▸ **Task brief**
In your copy of the data, omit the pictures and keep all else exactly as given.

▸ **Available data**
● ● ● ●

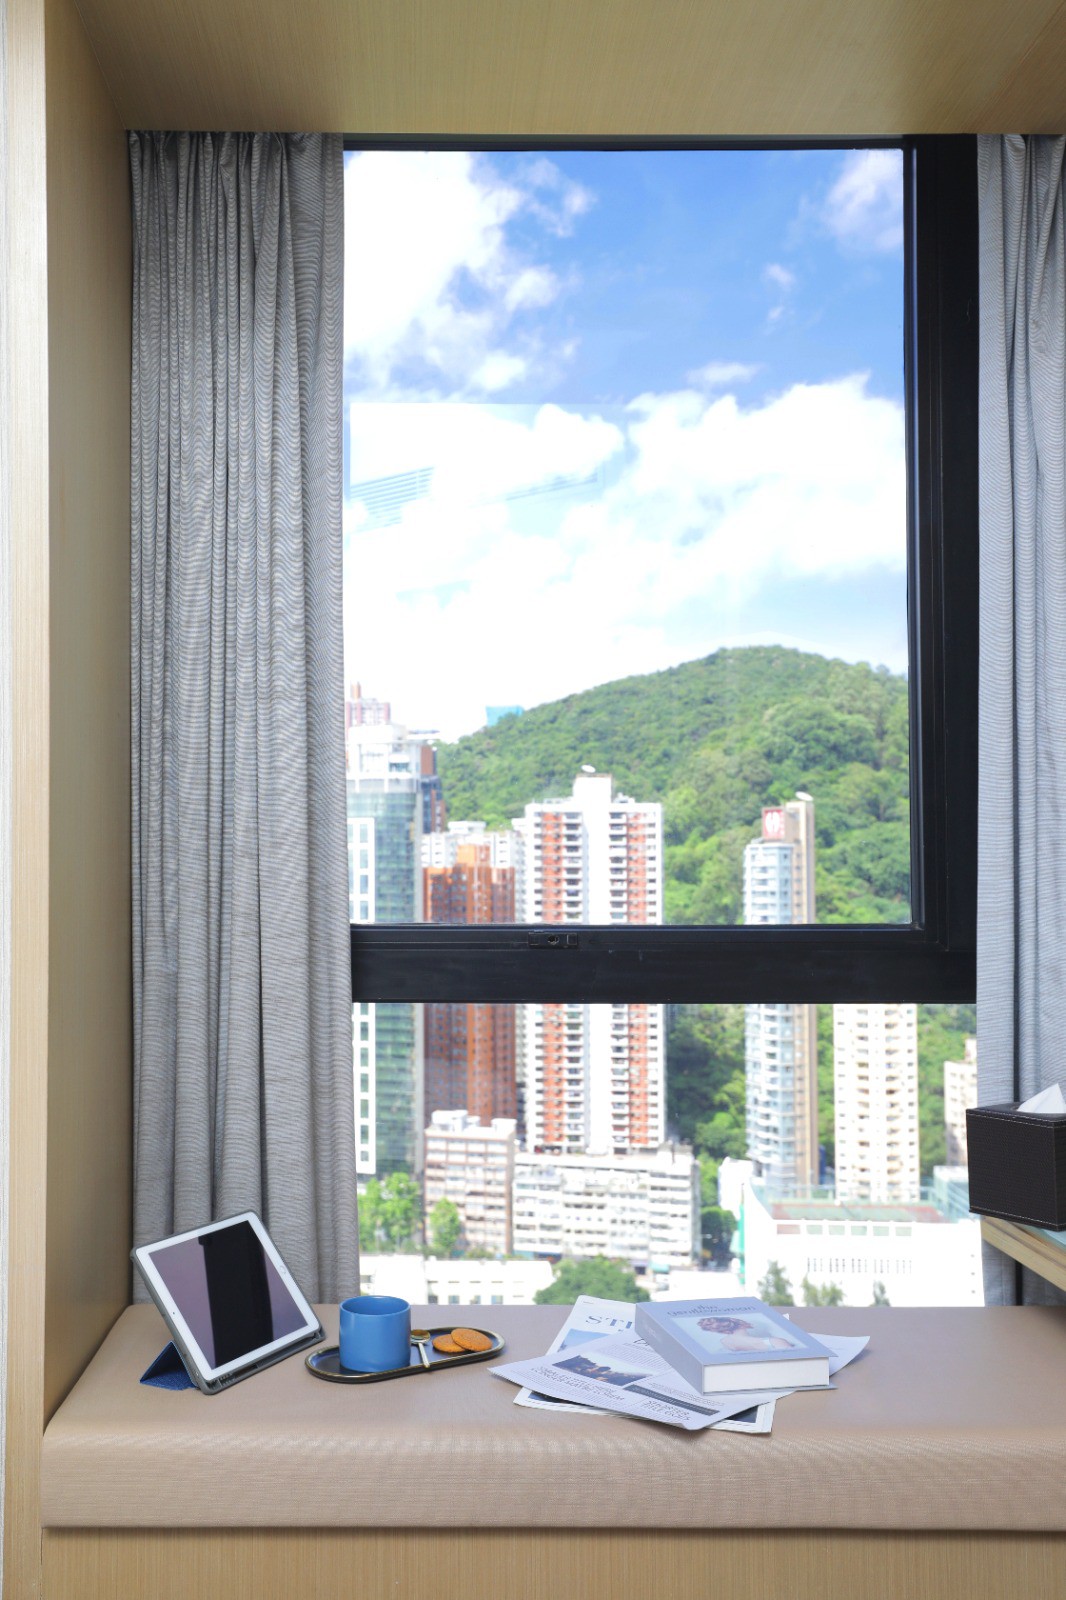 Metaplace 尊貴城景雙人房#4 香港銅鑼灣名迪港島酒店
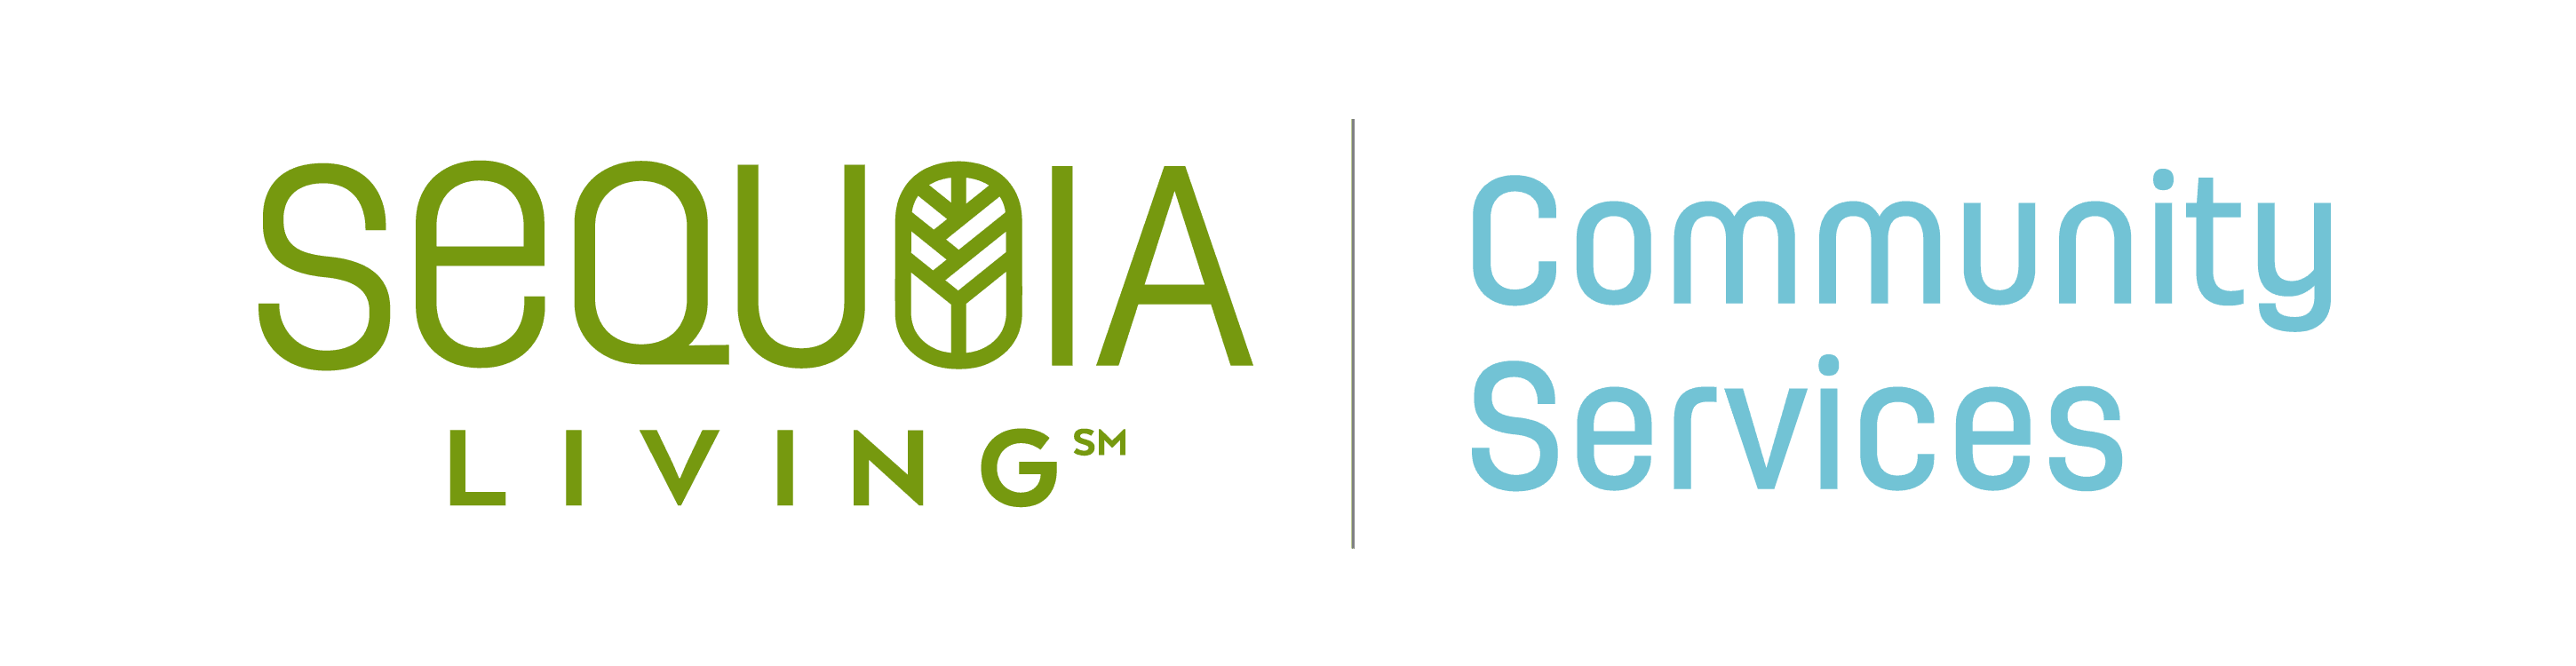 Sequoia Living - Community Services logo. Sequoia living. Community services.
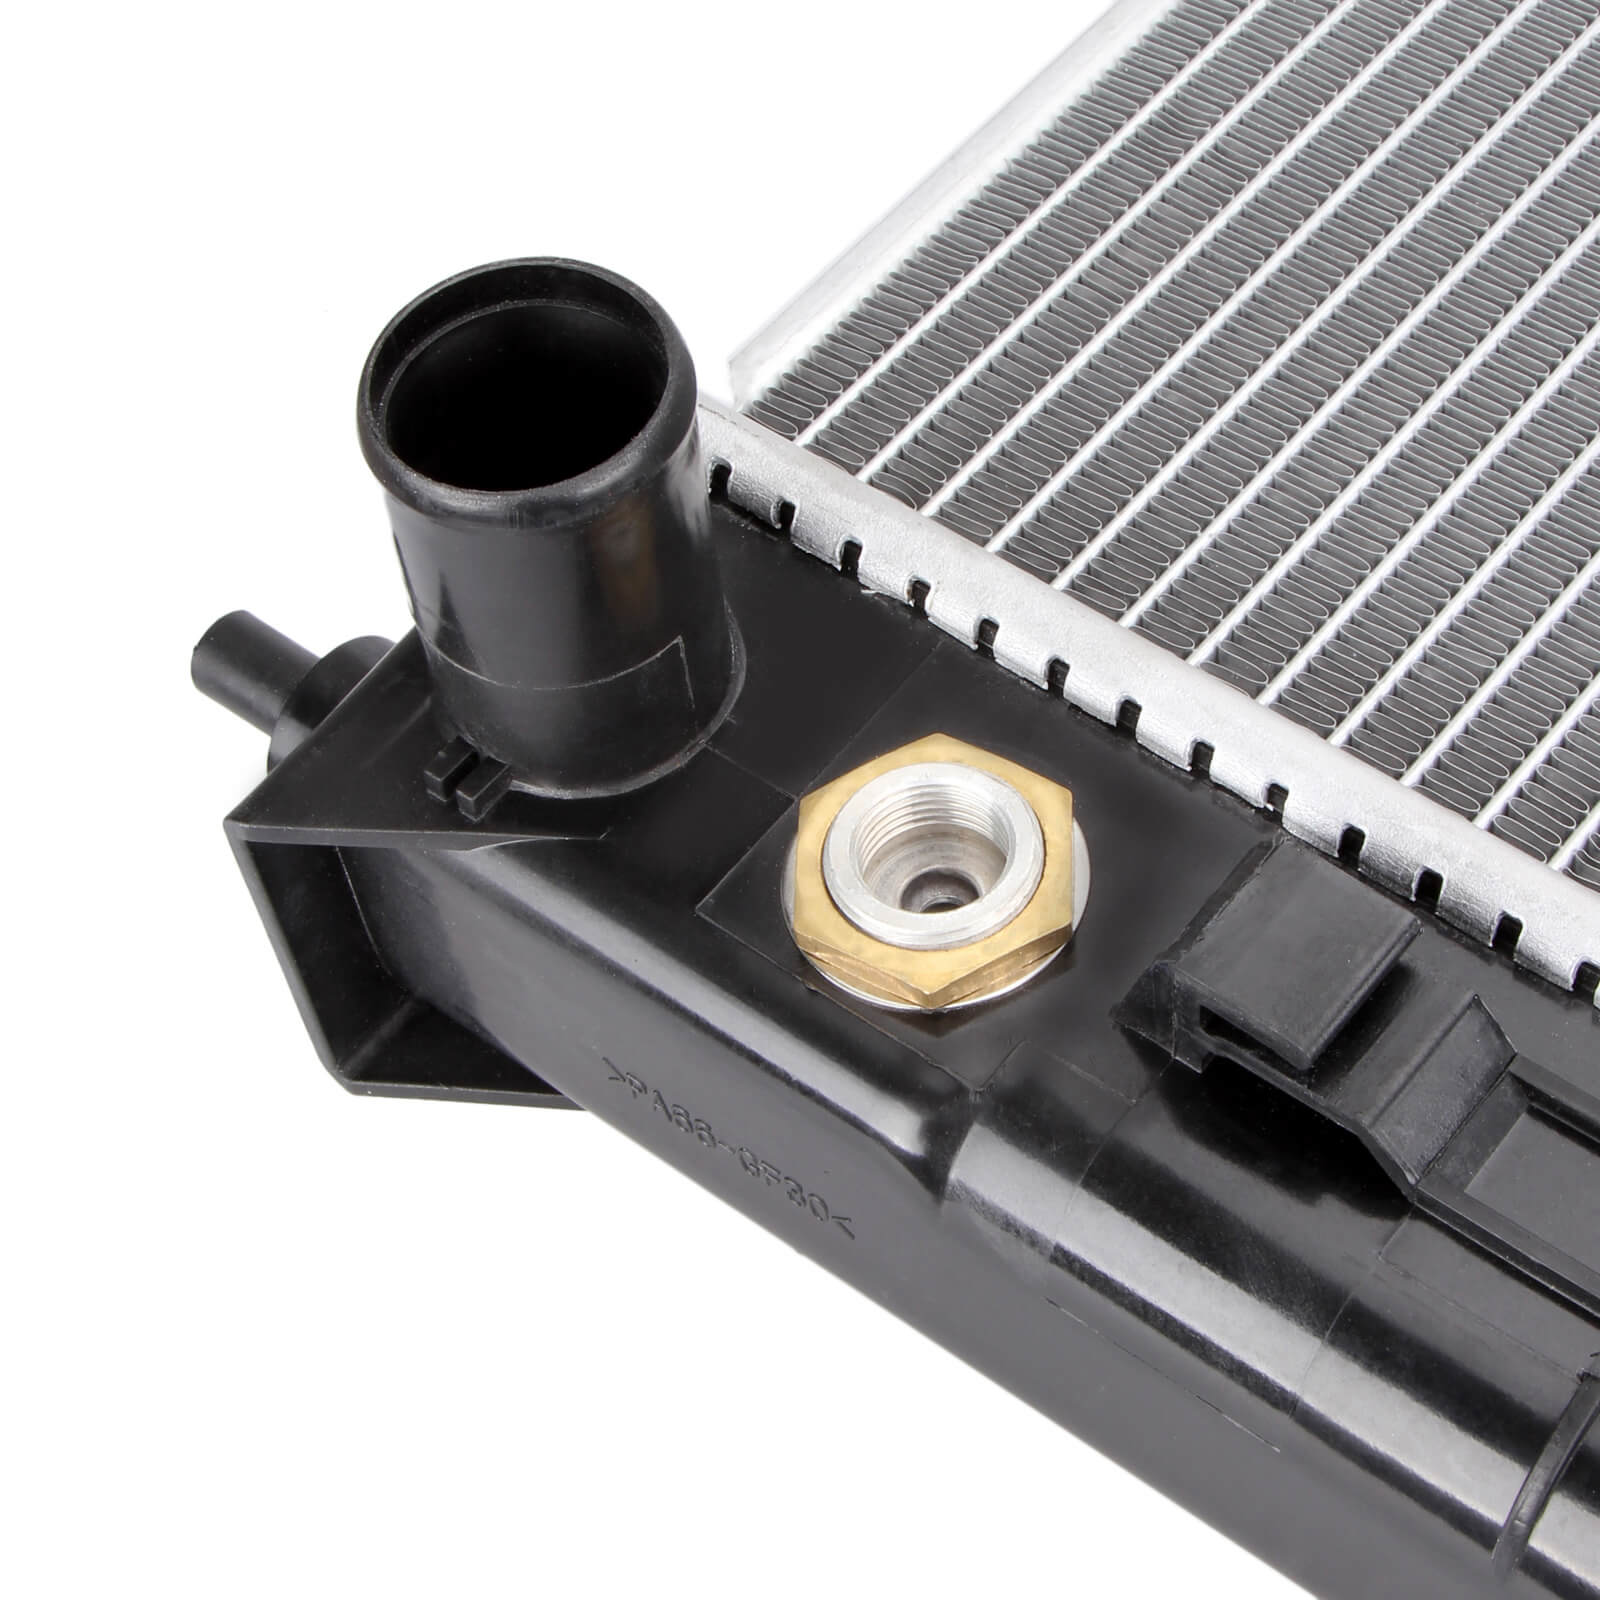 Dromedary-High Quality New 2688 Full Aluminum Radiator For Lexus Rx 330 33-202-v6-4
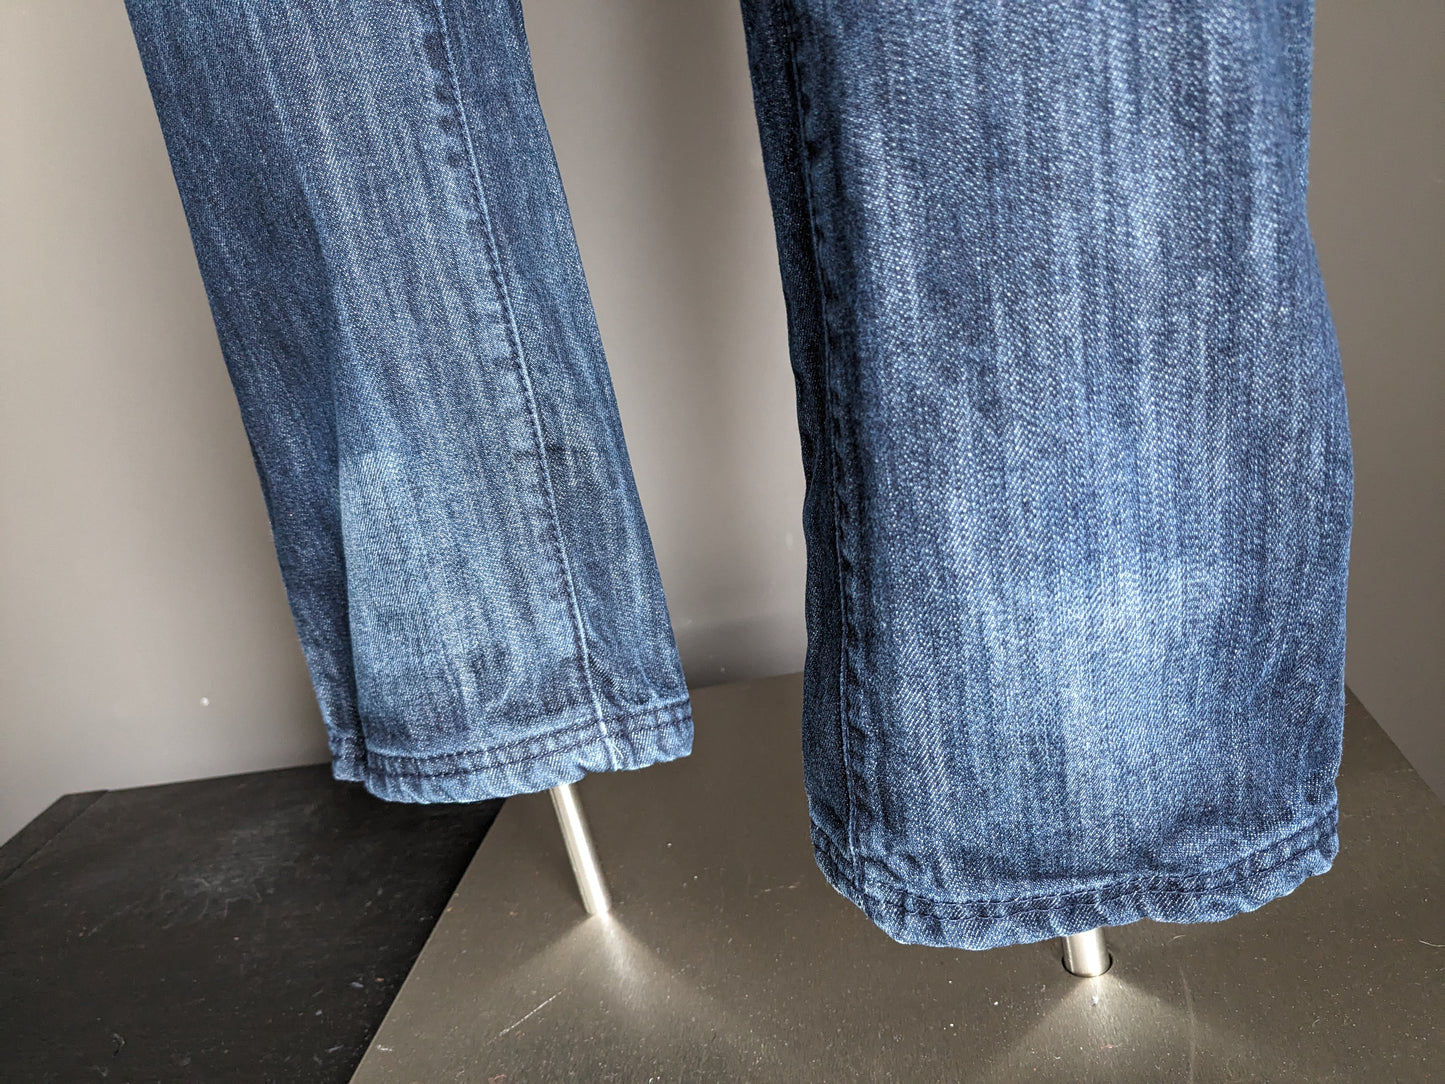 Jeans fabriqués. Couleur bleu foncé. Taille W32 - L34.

● ● ● ●

▸ **Response**
 Metaplace 尊貴城景雙人房#4 香港銅鑼灣名迪港島酒店
 Sequoia Living - Community Services logo. Sequoia living. Community services.
 Dromedary-High Quality New 2688 Full Aluminum Radiator For Lexus Rx 330 33-202-v6-4
 Jeans fabriqués. Couleur bleu foncé. Taille W32 - L34.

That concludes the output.